Church in Conwy County Borough, Wales

St Grwst's Church, Llanrwst, is located in Church Street (Tan yr Eglwys), Llanrwst, Conwy, Wales. It is an active Church in Wales parish church and is part of the Aberconwy Mission Area in the archdeaconry of St Asaph, and the diocese of St Asaph. Its benefice is united with those of Llanddoged with Capel Garmon, Llansanffraid Glan Conwy, and Eglwysbach. The church is designated by Cadw as a Grade I listed building.

==History==

The church was built in the late 15th century, possibly in the 1470s. The Gwydir Chapel was added in 1633–34 by Richard Wynn of Gwydir. The west tower was added in the early 19th century, replacing a bellcote. In 1884 the Lancaster architects Paley and Austin restored the church and added a north aisle. They also removed the west gallery, and reseated the church, increasing its capacity to 362. The cost of their work amounted to £2,300.

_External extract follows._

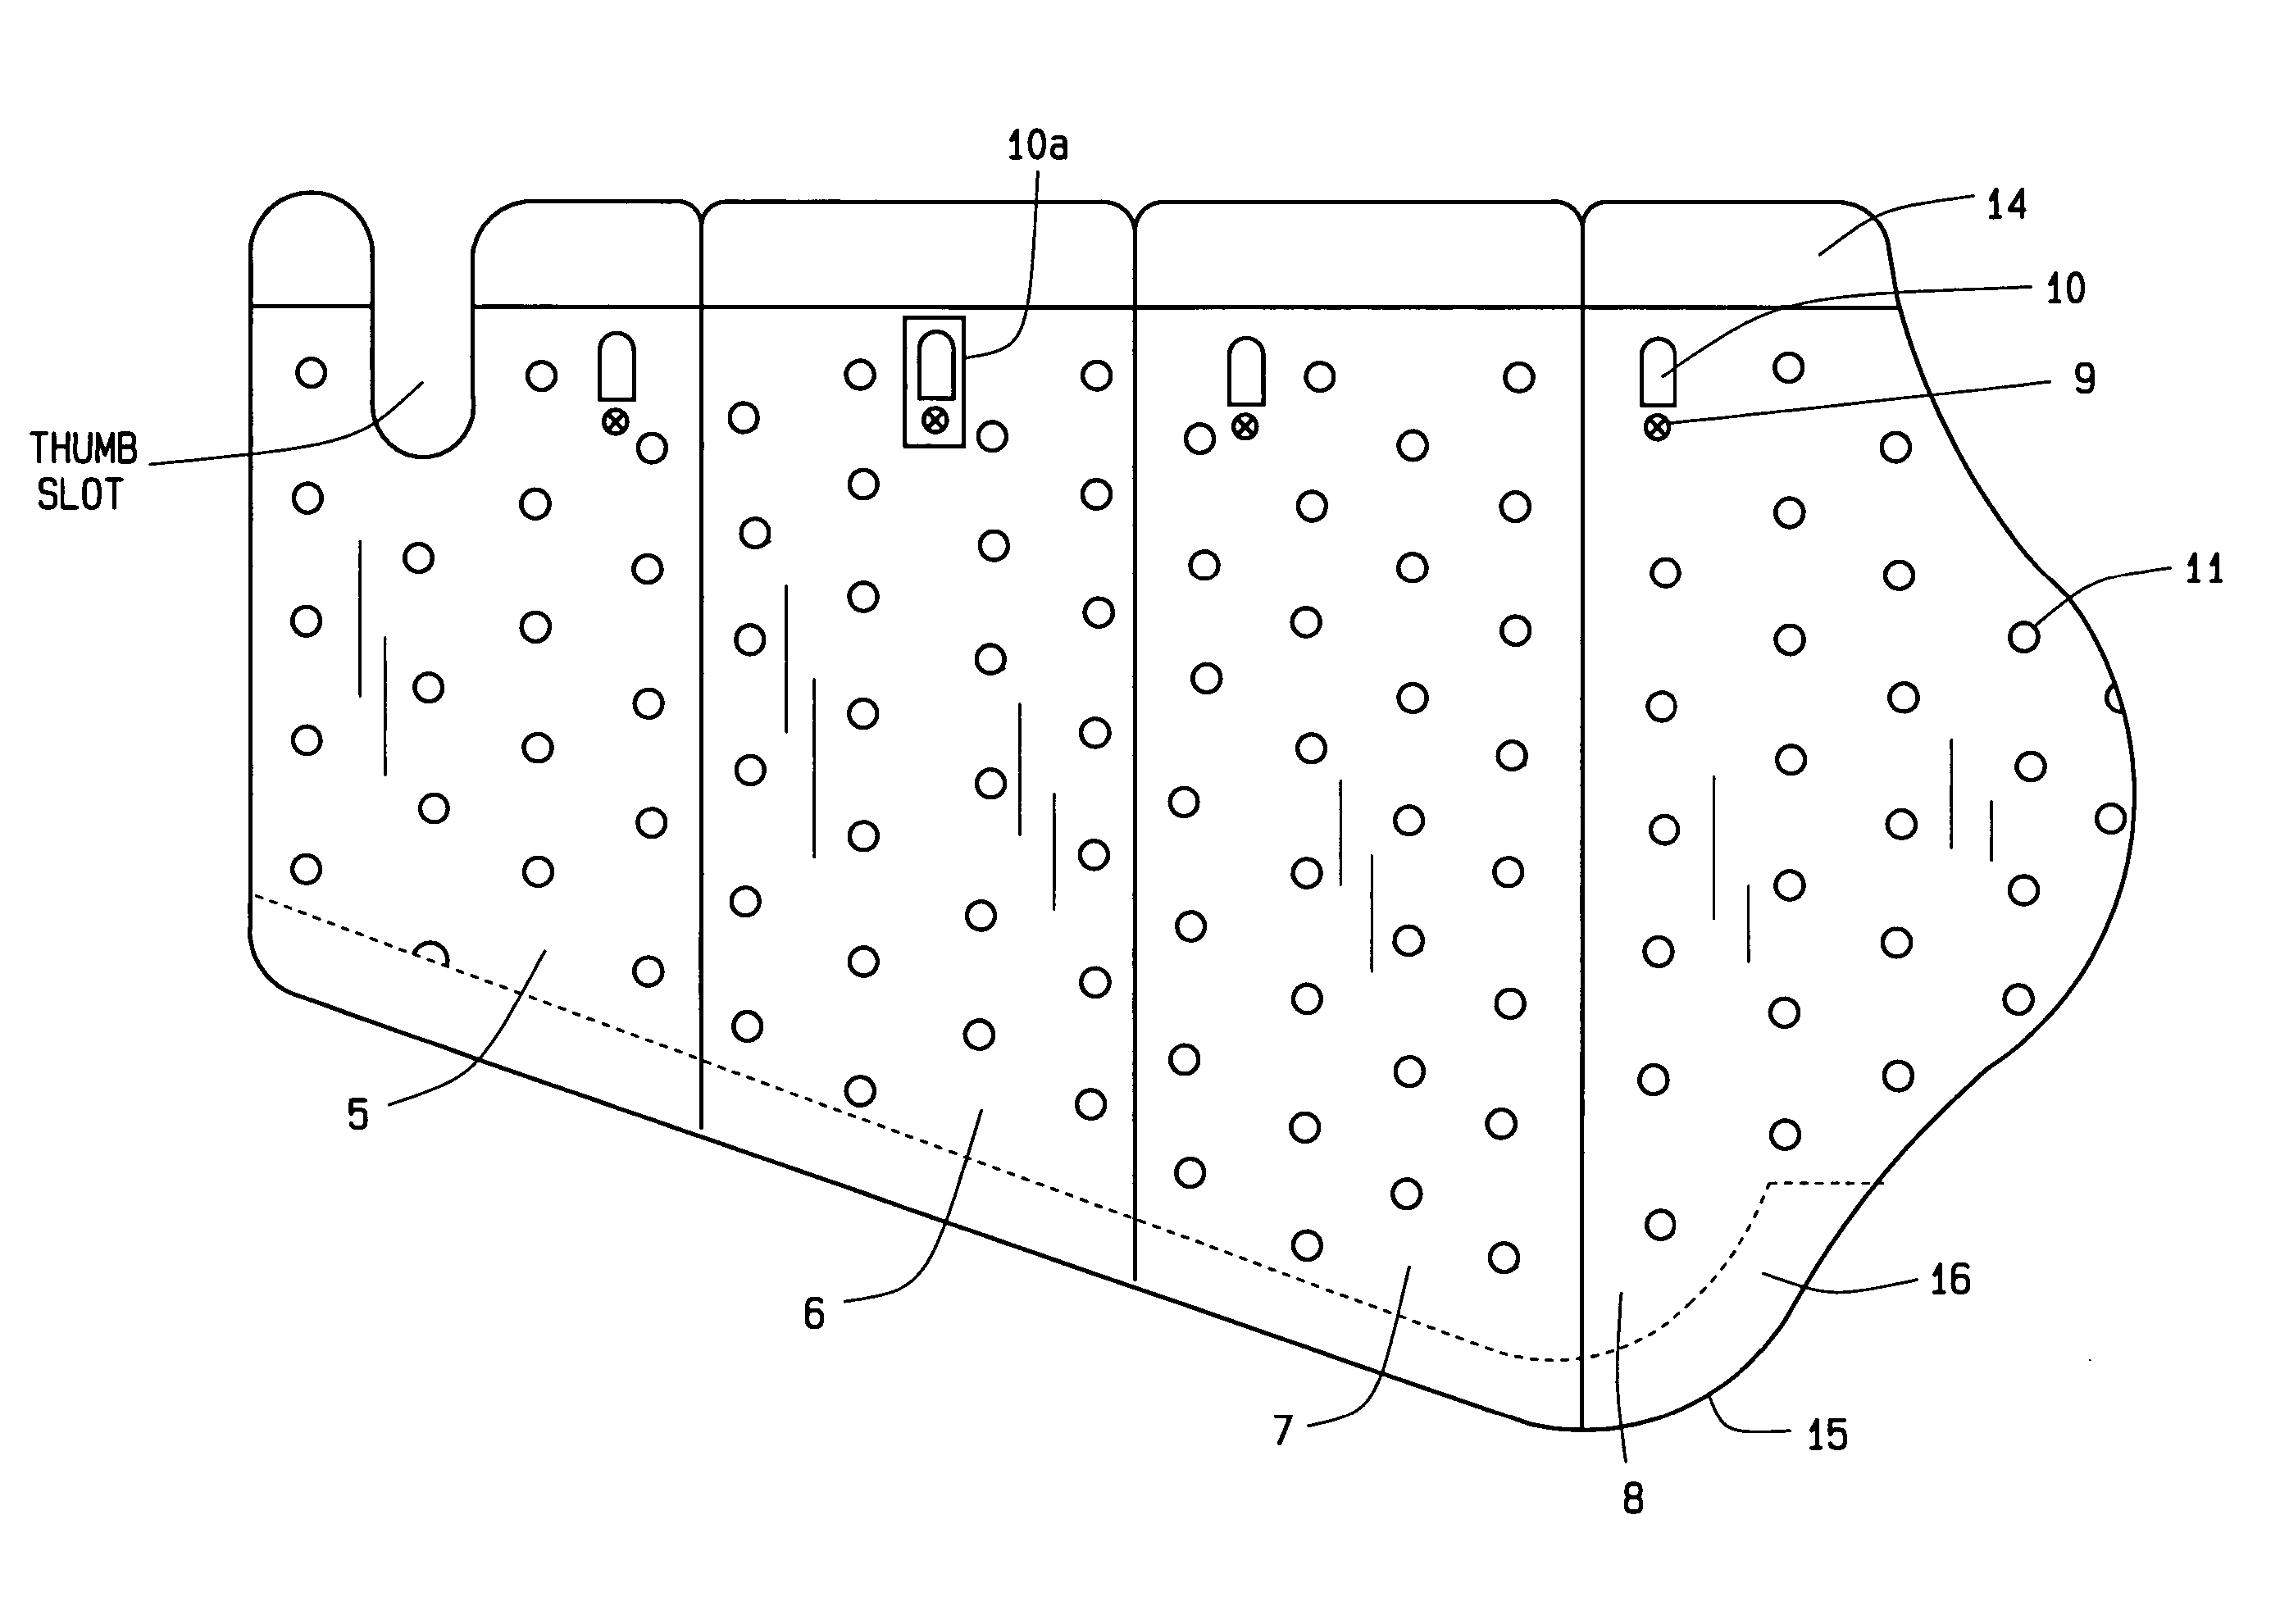 Segmented pneumatic pad for regulating pressure upon parts of the body during usage

In 2019/2020 a major restoration and reordering project funded largely by the National Lottery Heritage Fund and designed by Paterson Macaulay and Owens Architects of Mold, saw a new mezzanine gallery, kitchen and toilet facilities installed. The project also included conservation work to Gwydir Chapel, artefacts such as the monumental brasses, stone plaques and restoration to the building fabric in general. Other works included a new limestone floor with underfloor heating, new lighting scheme and sound system. The church is now used for a variety of different events, as well as church services.

==Architecture==
===Exterior===
St Grwst's is constructed in rubble stone with limestone dressings. Its architectural style is Perpendicular. The plan consists of a nave and chancel in a single range, a north aisle, a south porch, the Gwydir Chapel at the southeast corner, and a west tower. The tower is in three stages, with diagonal buttresses, and a castellated parapet. The Gwydir Chapel also has a castellated parapet. Both the chapel and the nave have four-light east windows.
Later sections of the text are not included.